Could you copy exactly the lines below, beginning at the line with "Paravent miniature en" and stopping after the line with "Les panneaux", with no pictures?
== The data ==
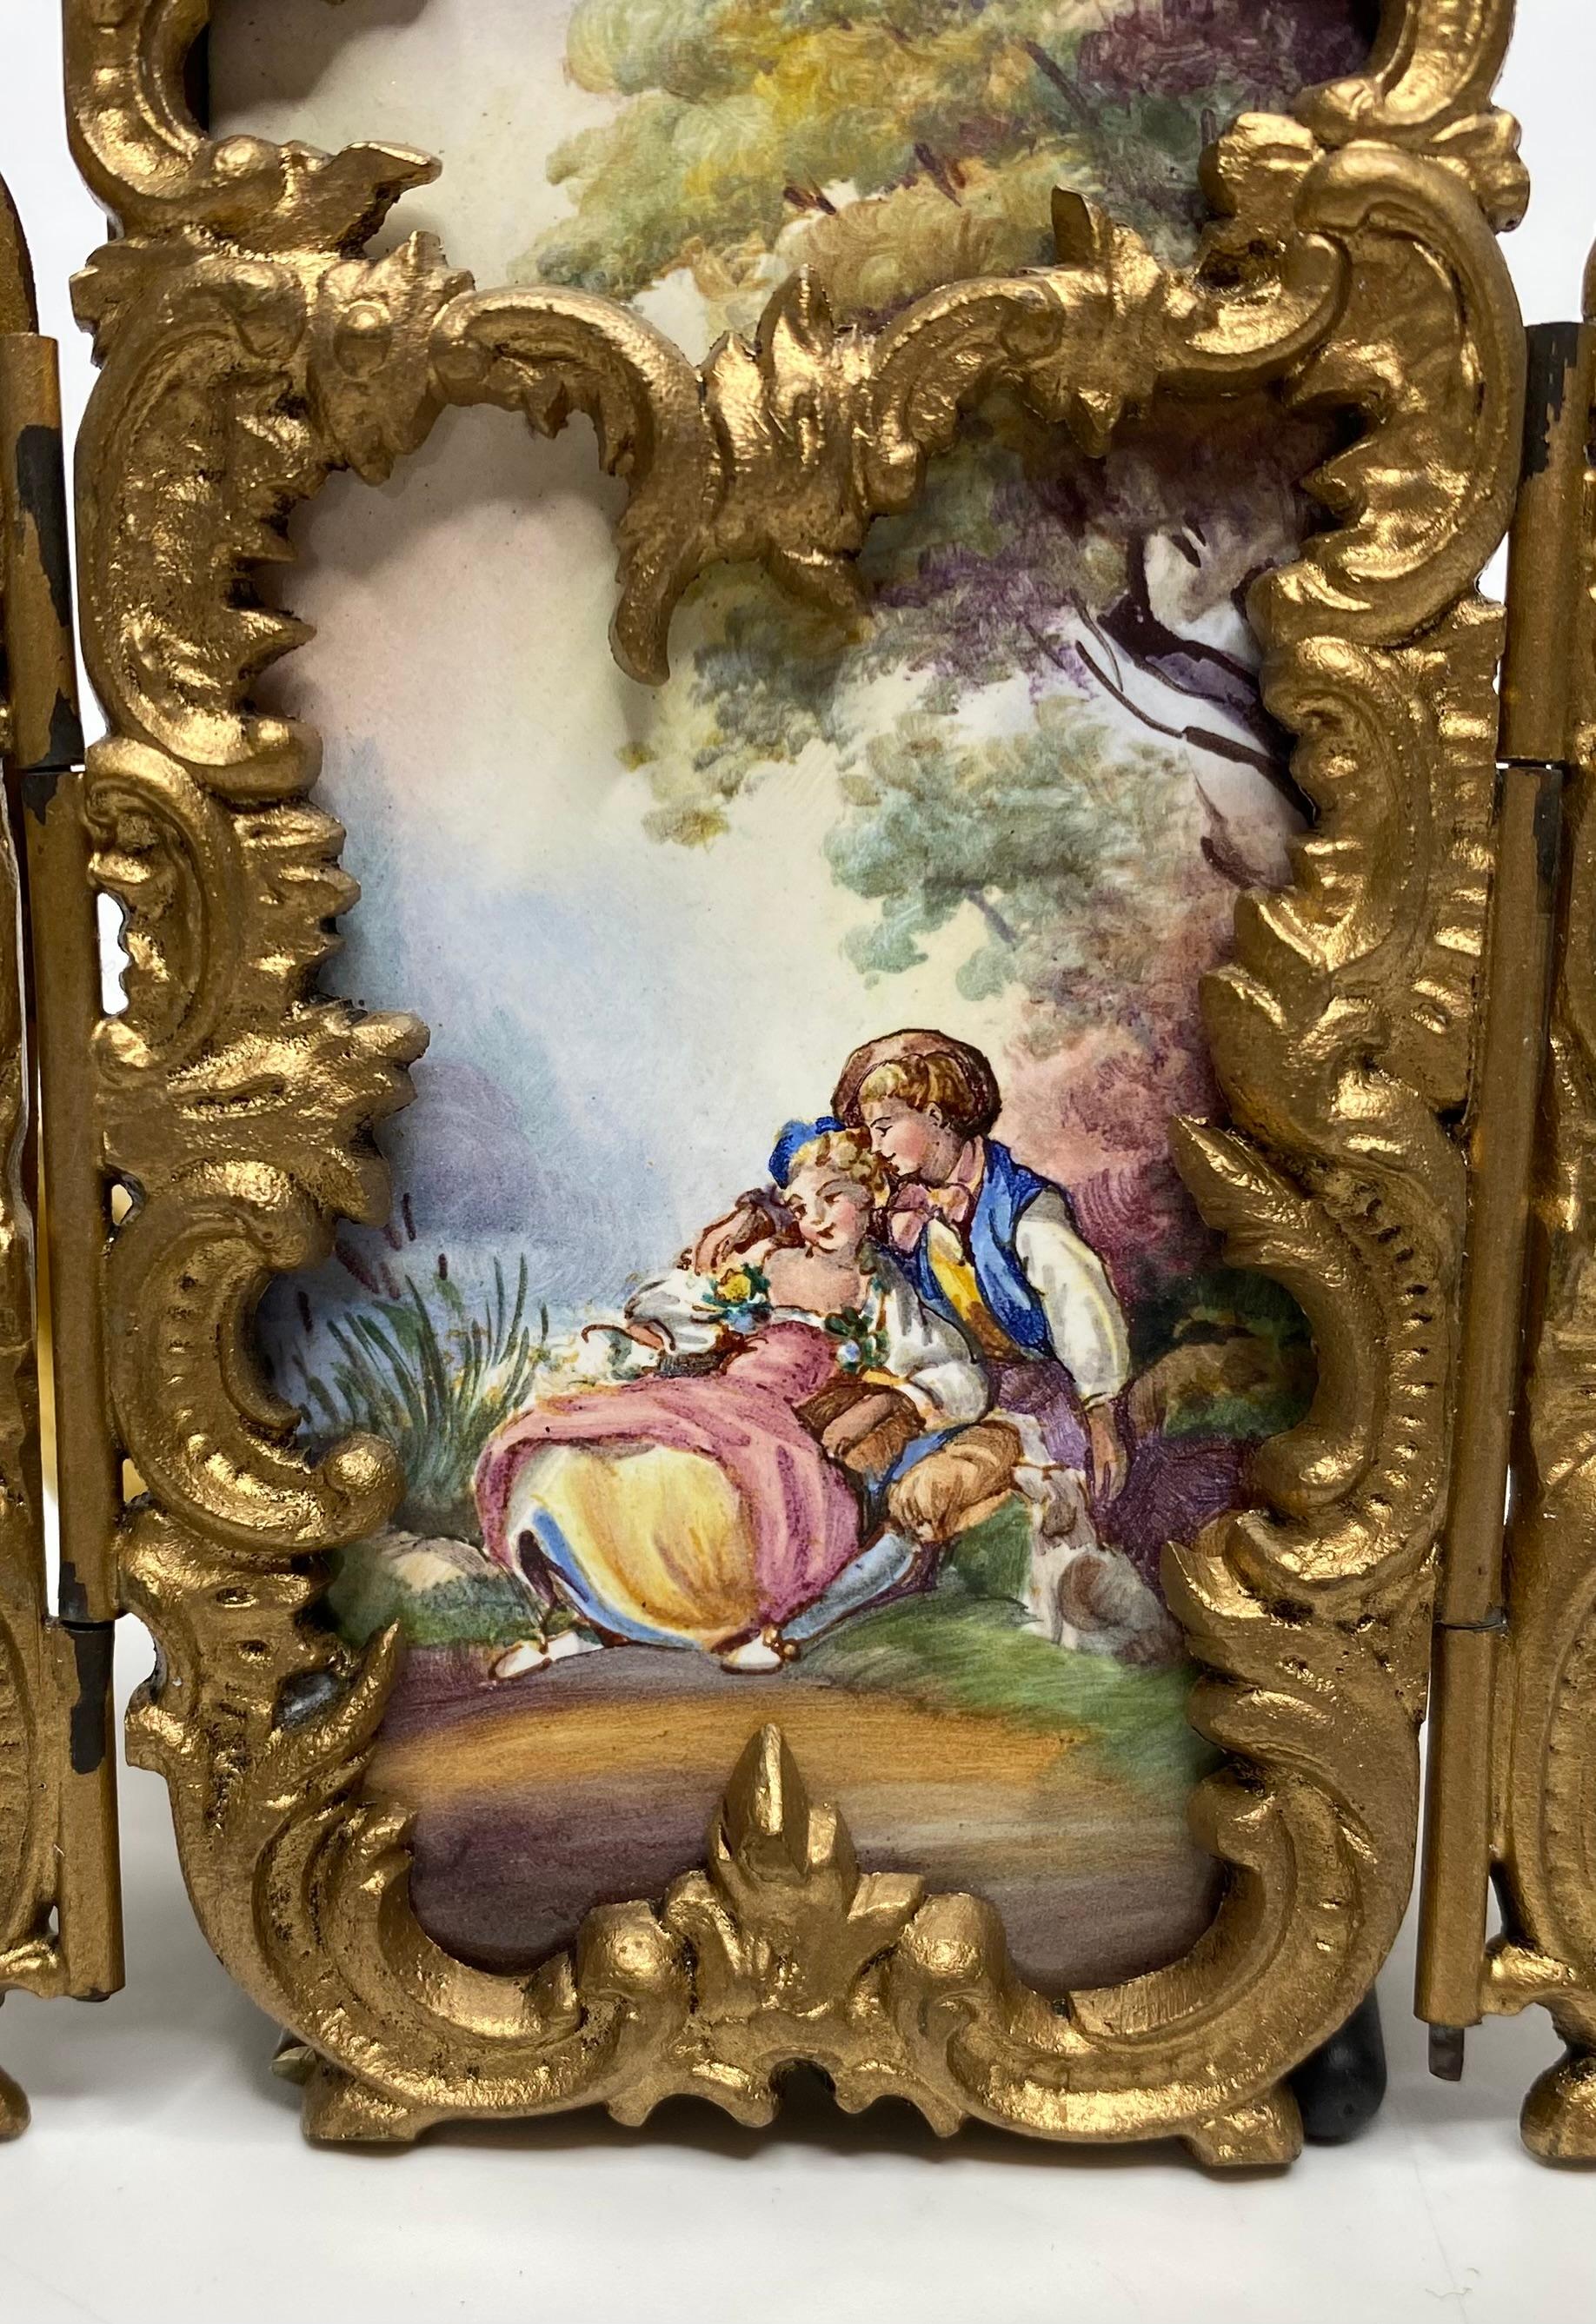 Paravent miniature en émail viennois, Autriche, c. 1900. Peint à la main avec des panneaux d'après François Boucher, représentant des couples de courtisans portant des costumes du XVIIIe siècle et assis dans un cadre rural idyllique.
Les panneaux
===
== The data ==
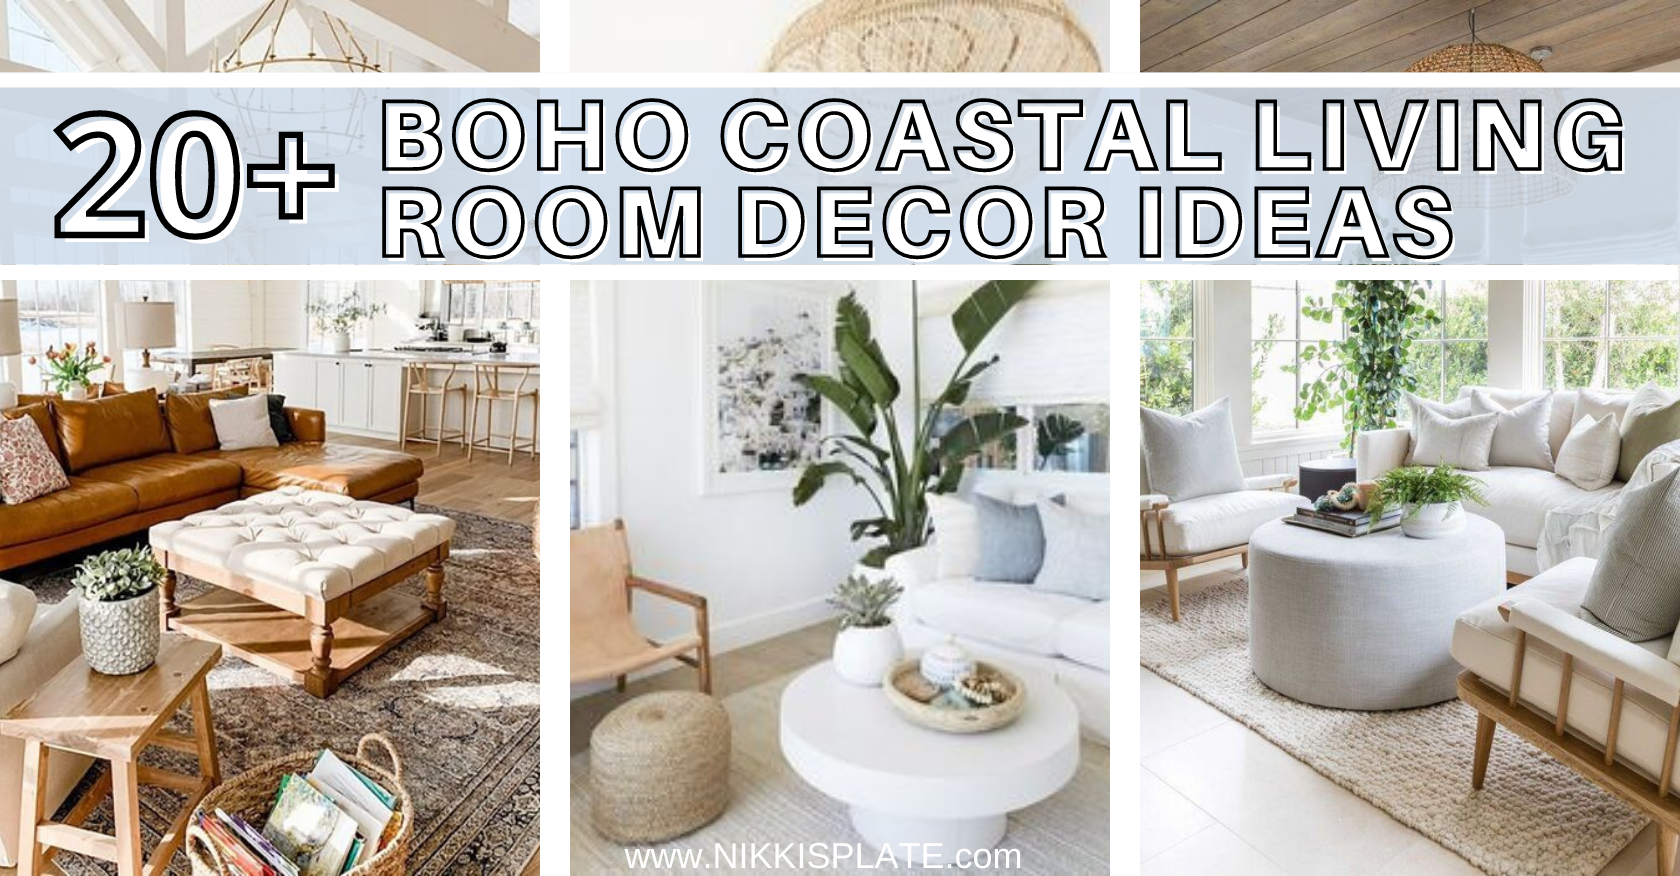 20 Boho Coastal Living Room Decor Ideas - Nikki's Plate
===
== Solution to the problem ==
 Paravent miniature en émail viennois, Autriche, c. 1900. Peint à la main avec des panneaux d'après François Boucher, représentant des couples de courtisans portant des costumes du XVIIIe siècle et assis dans un cadre rural idyllique.
Les panneaux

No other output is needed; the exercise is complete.